Available records:
┌──

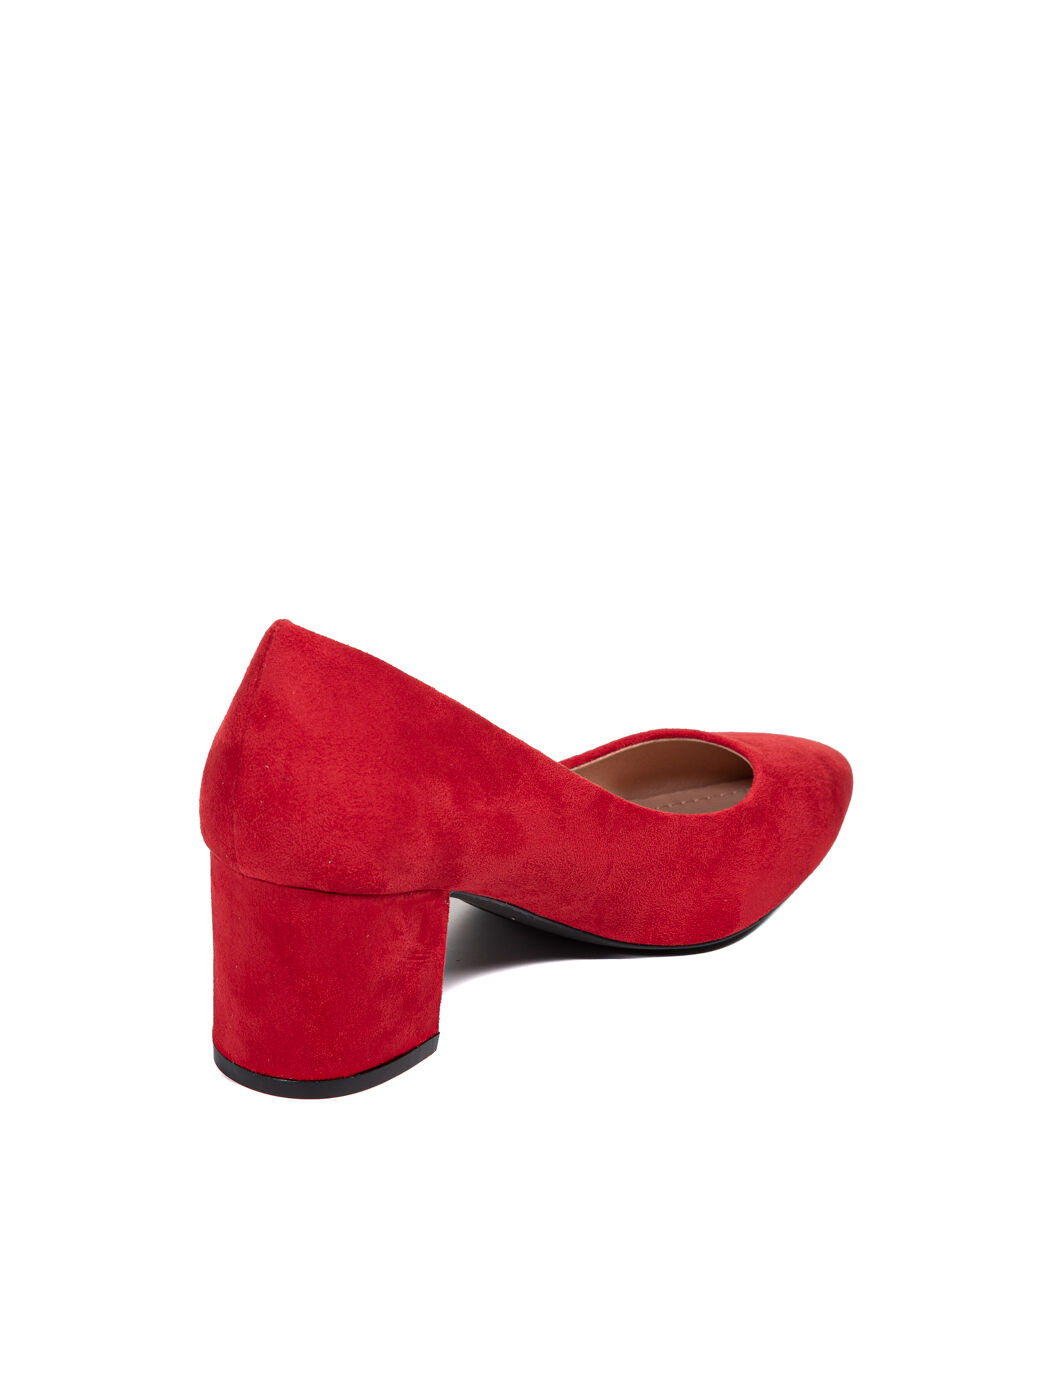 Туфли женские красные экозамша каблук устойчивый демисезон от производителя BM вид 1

└──
┌──

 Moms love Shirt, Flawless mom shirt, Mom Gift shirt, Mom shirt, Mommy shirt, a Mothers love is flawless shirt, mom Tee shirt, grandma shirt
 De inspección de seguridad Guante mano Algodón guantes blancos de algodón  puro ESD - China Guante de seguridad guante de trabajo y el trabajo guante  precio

└──
┌──

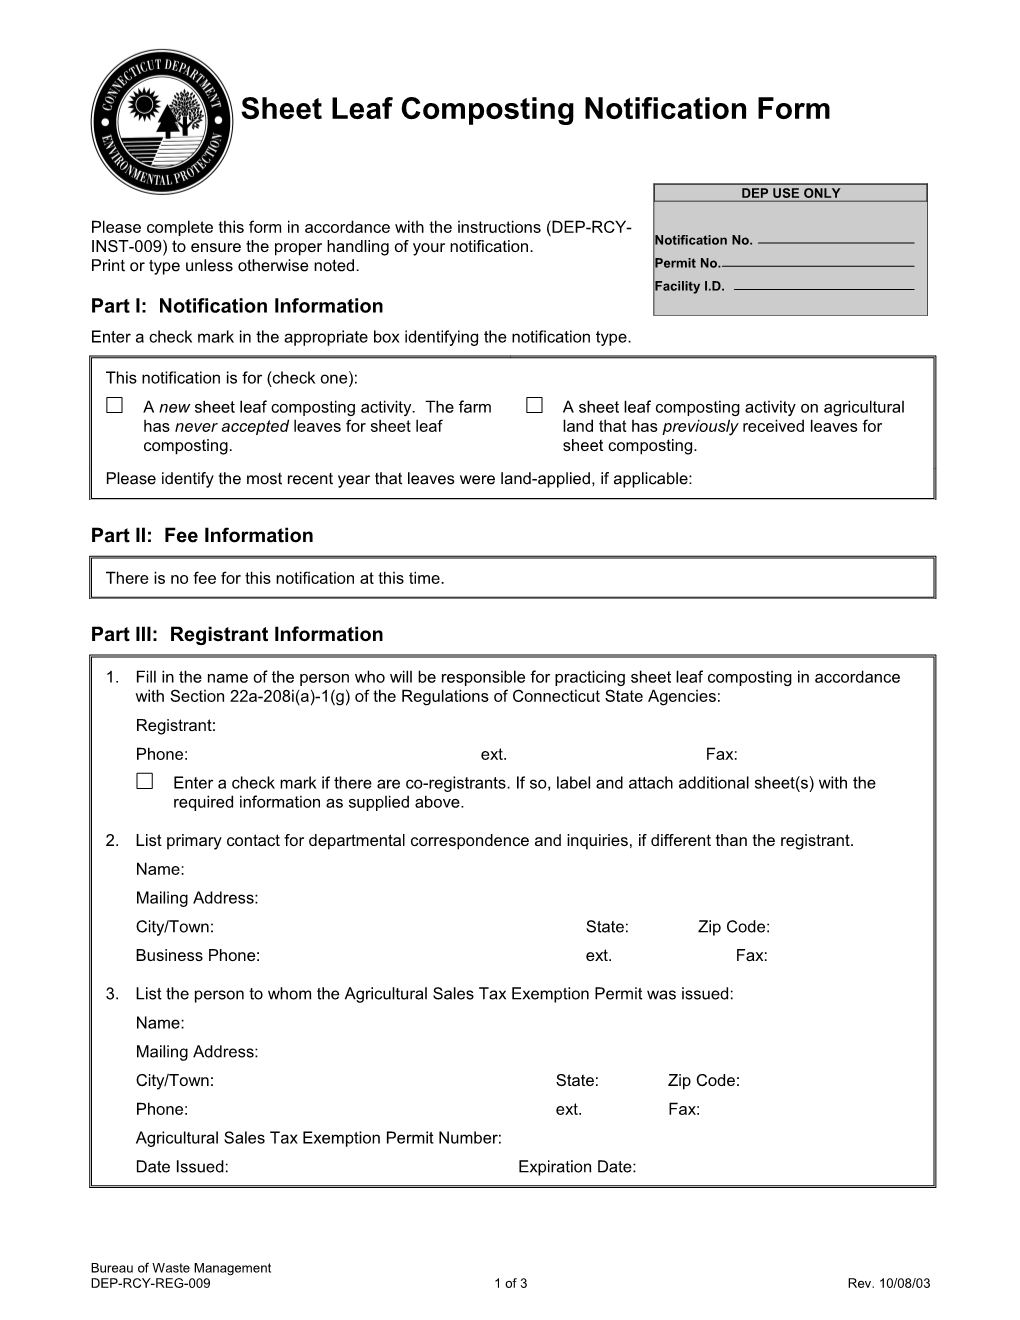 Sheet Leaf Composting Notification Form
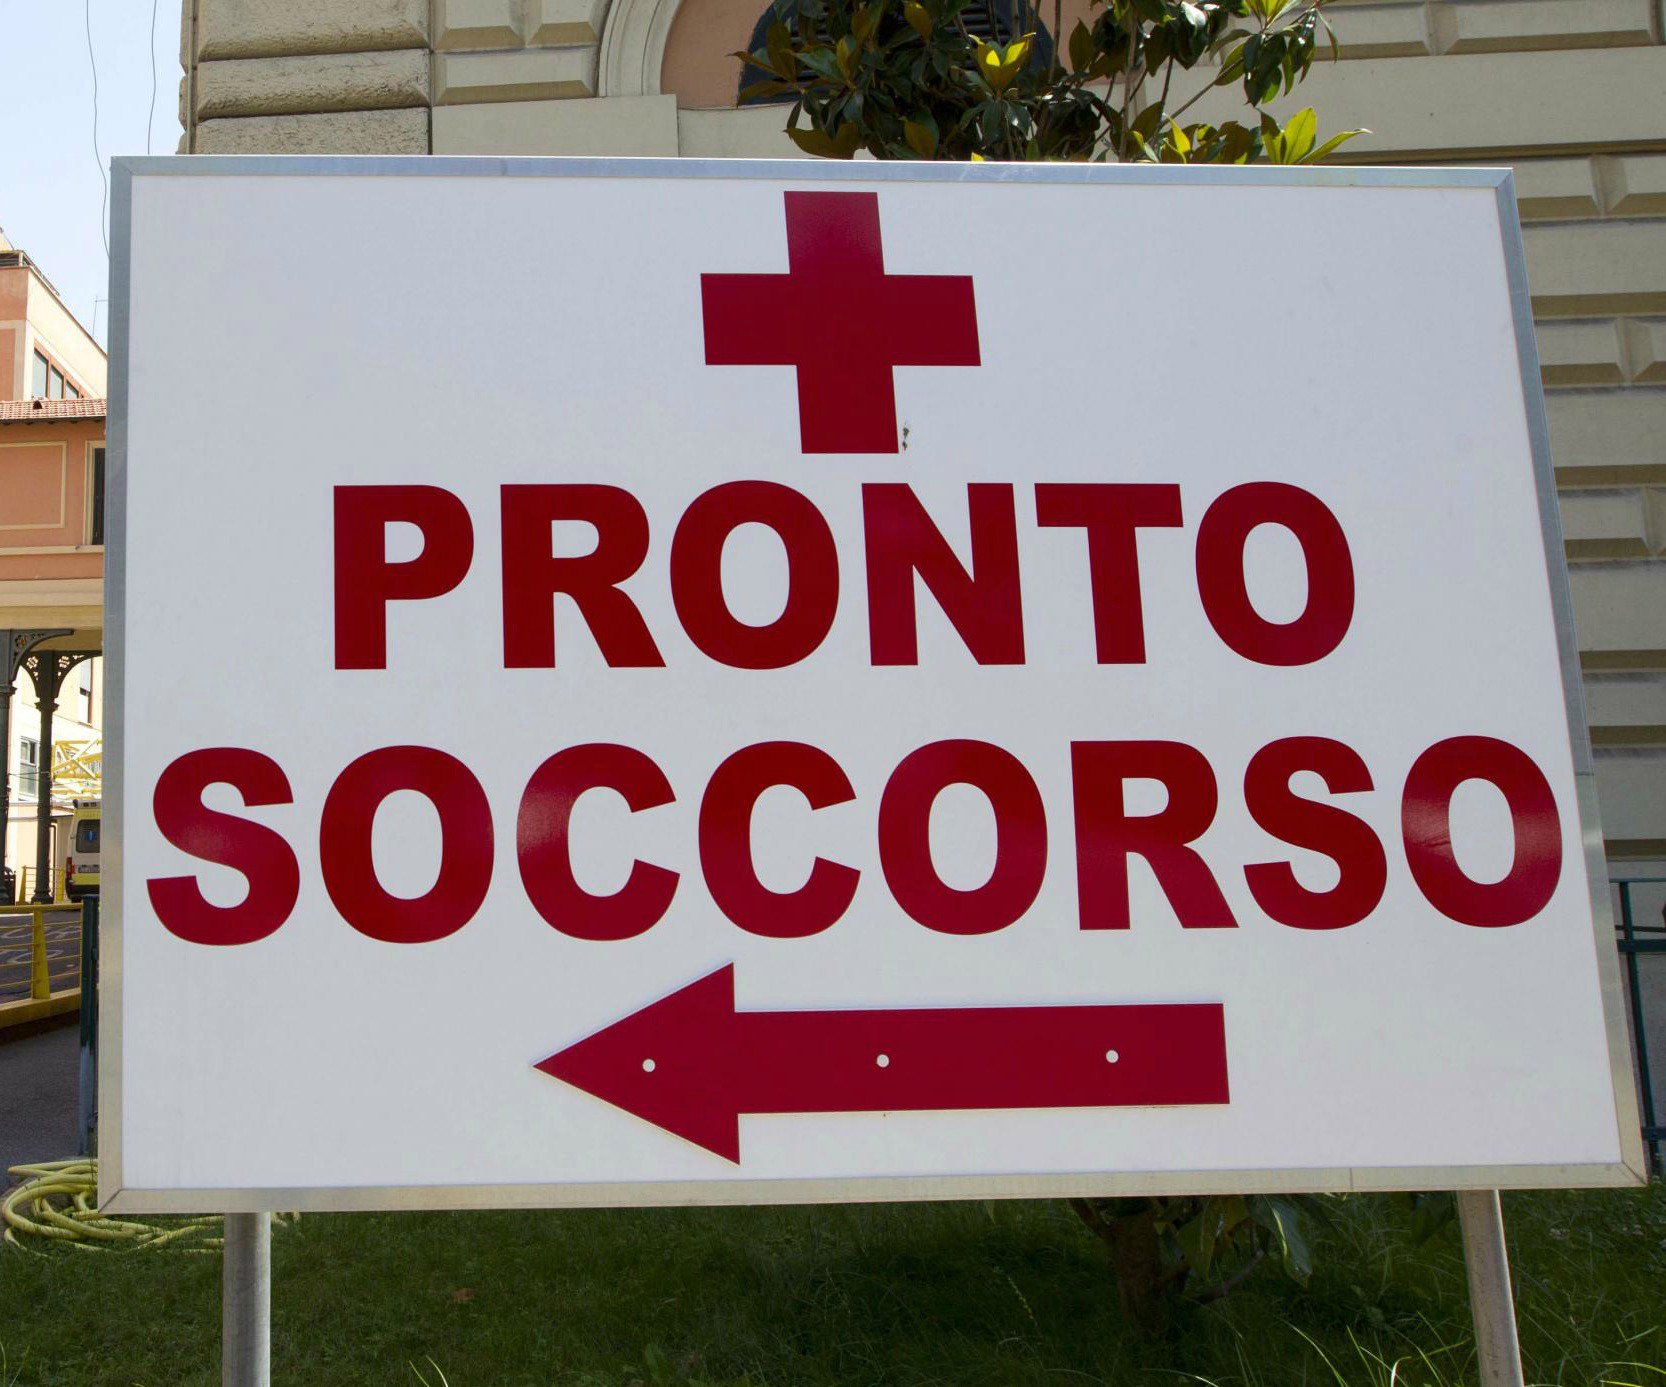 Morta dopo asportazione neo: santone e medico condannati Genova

└──

How to complete this task: Only the lines starting at the one with "Sheet Leaf Composting Notification Form" and ending at the one with "Morta dopo asportazione" should be printed, each exactly as it appears in the material above; the pictures are to be omitted.

Reply to the task:
 Sheet Leaf Composting Notification Form
 Morta dopo asportazione neo: santone e medico condannati Genova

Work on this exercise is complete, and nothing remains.